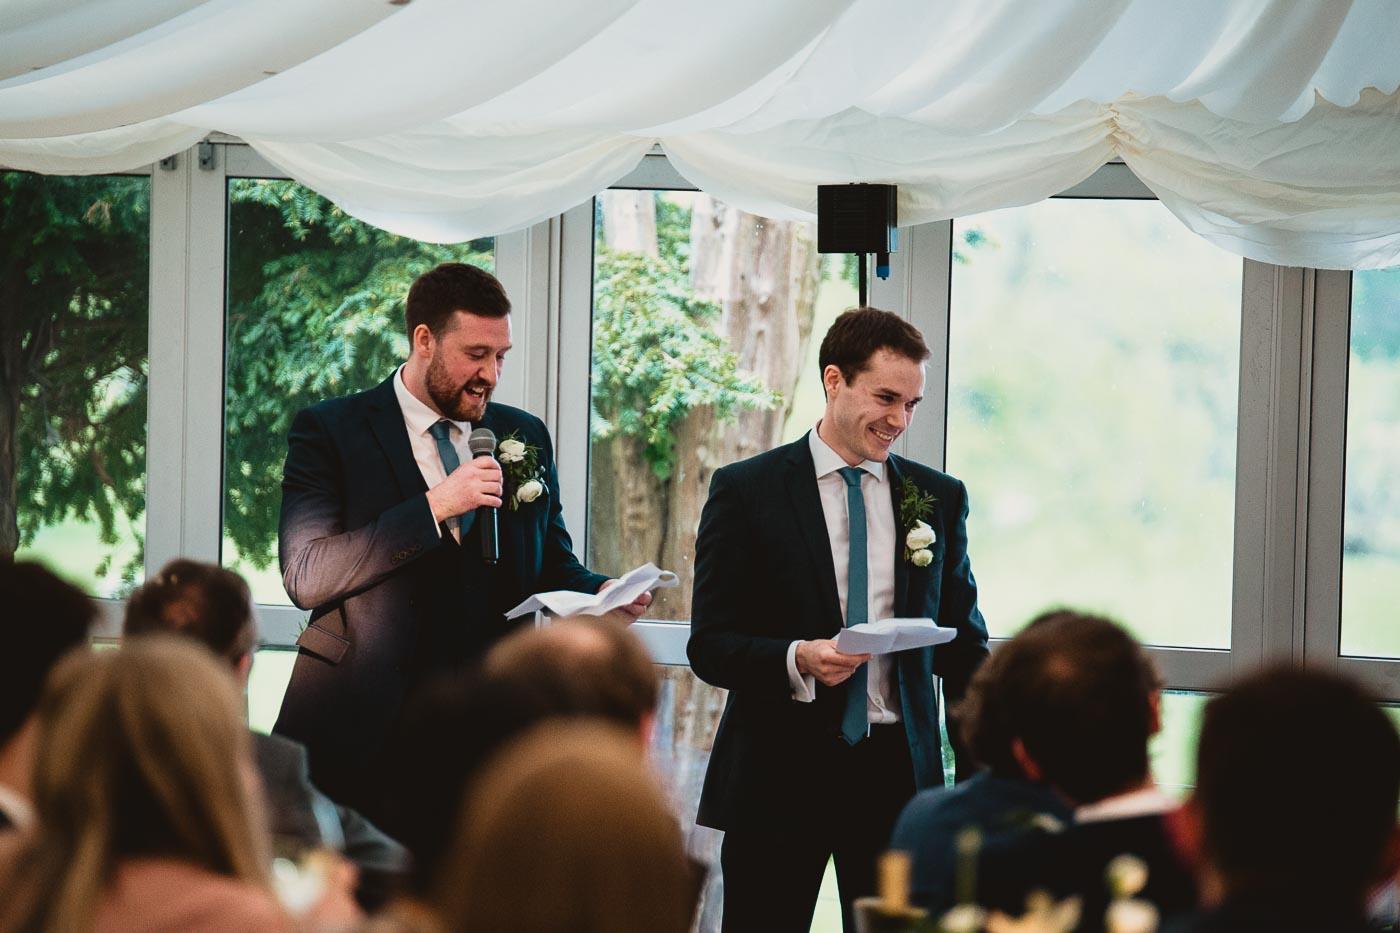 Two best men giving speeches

* * *

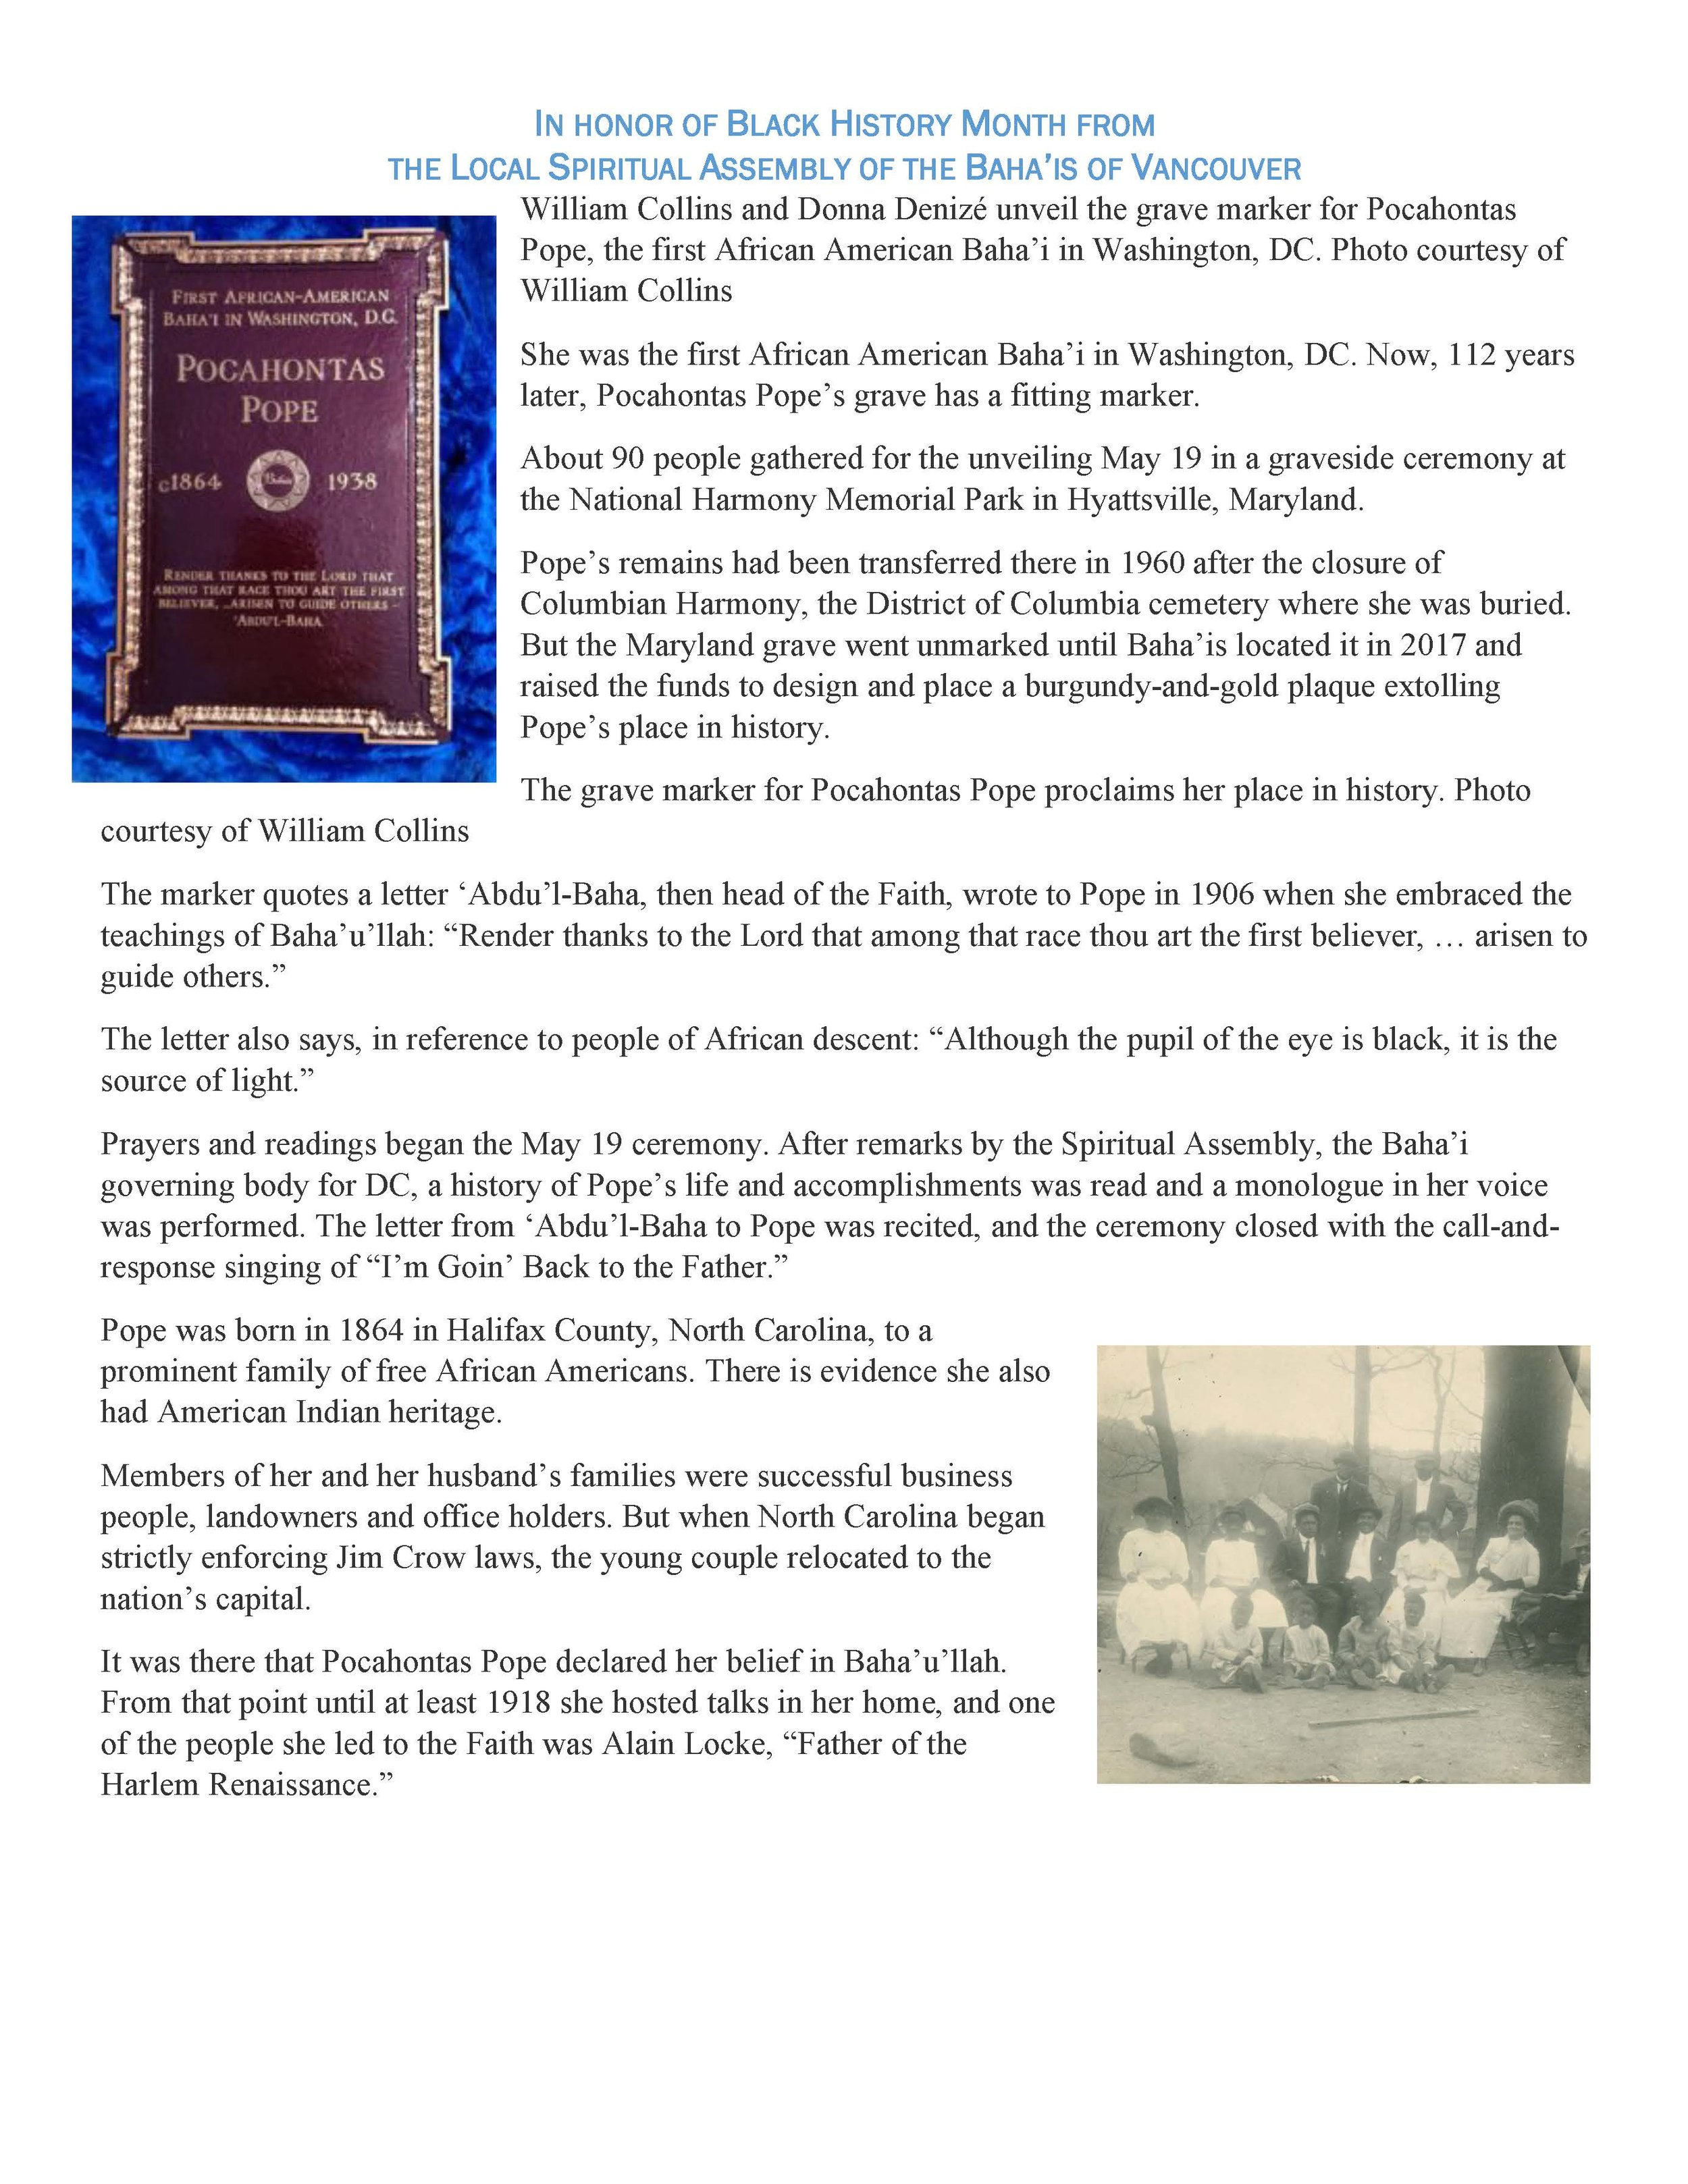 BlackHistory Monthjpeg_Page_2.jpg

--

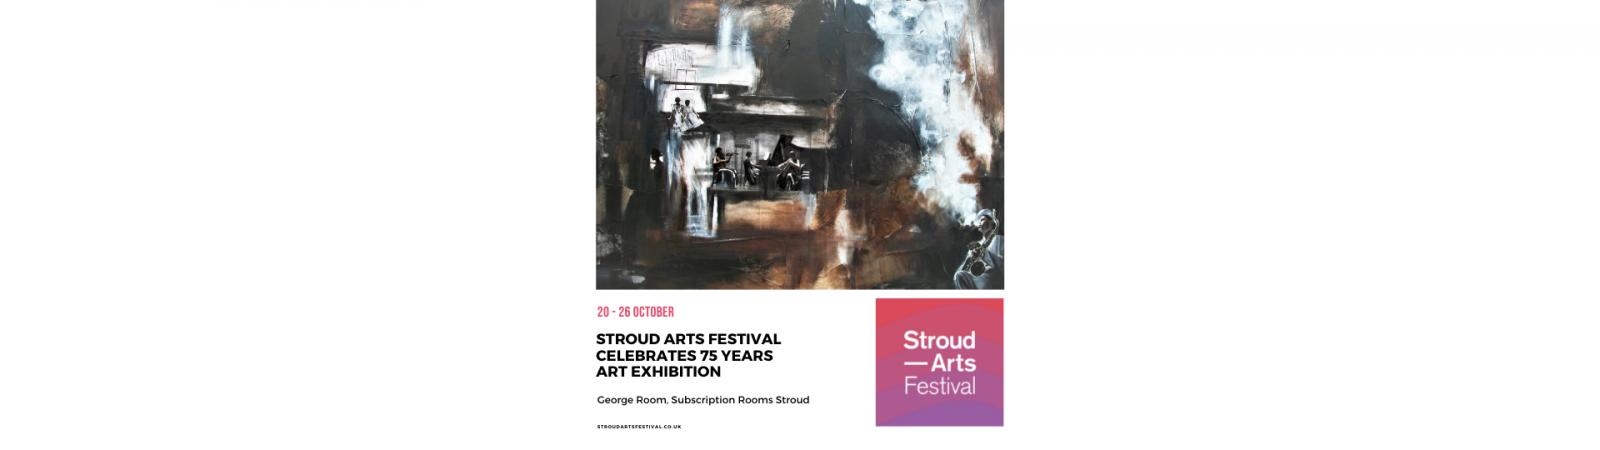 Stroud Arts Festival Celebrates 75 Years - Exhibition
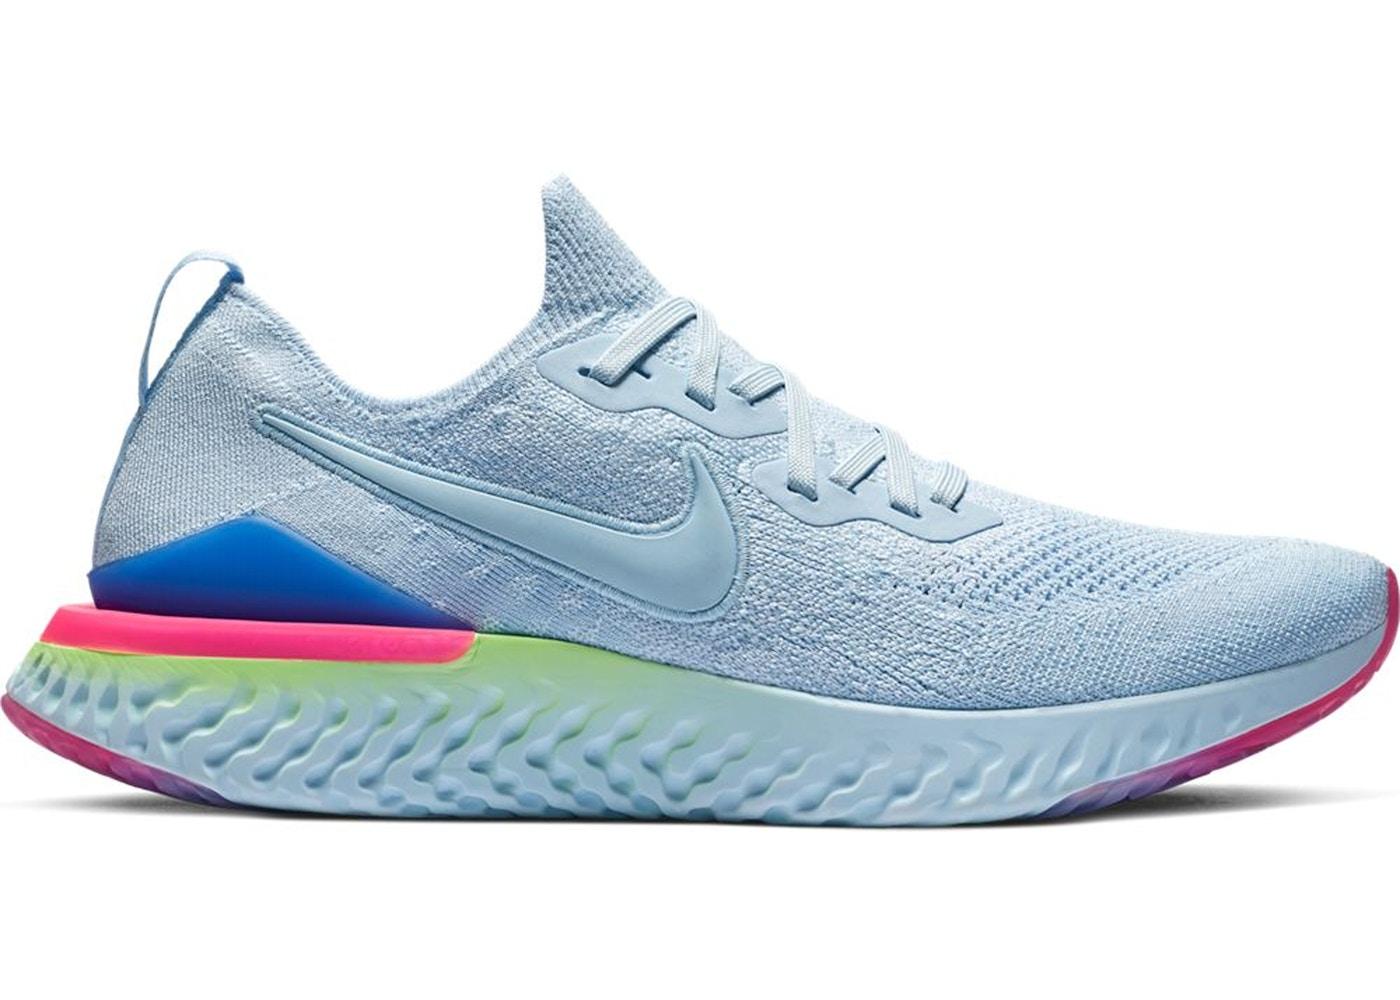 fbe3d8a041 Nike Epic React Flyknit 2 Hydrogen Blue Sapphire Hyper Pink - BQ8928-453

**ACTIVITY:** Within the listing above, the lines starting at the one containing "Stroud Arts Festival" and ending at the one containing "fbe3d8a041 Nike Epic" are to be returned exactly. Omit the pictures.

**FINISHED EXERCISE:**
 Stroud Arts Festival Celebrates 75 Years - Exhibition
 fbe3d8a041 Nike Epic React Flyknit 2 Hydrogen Blue Sapphire Hyper Pink - BQ8928-453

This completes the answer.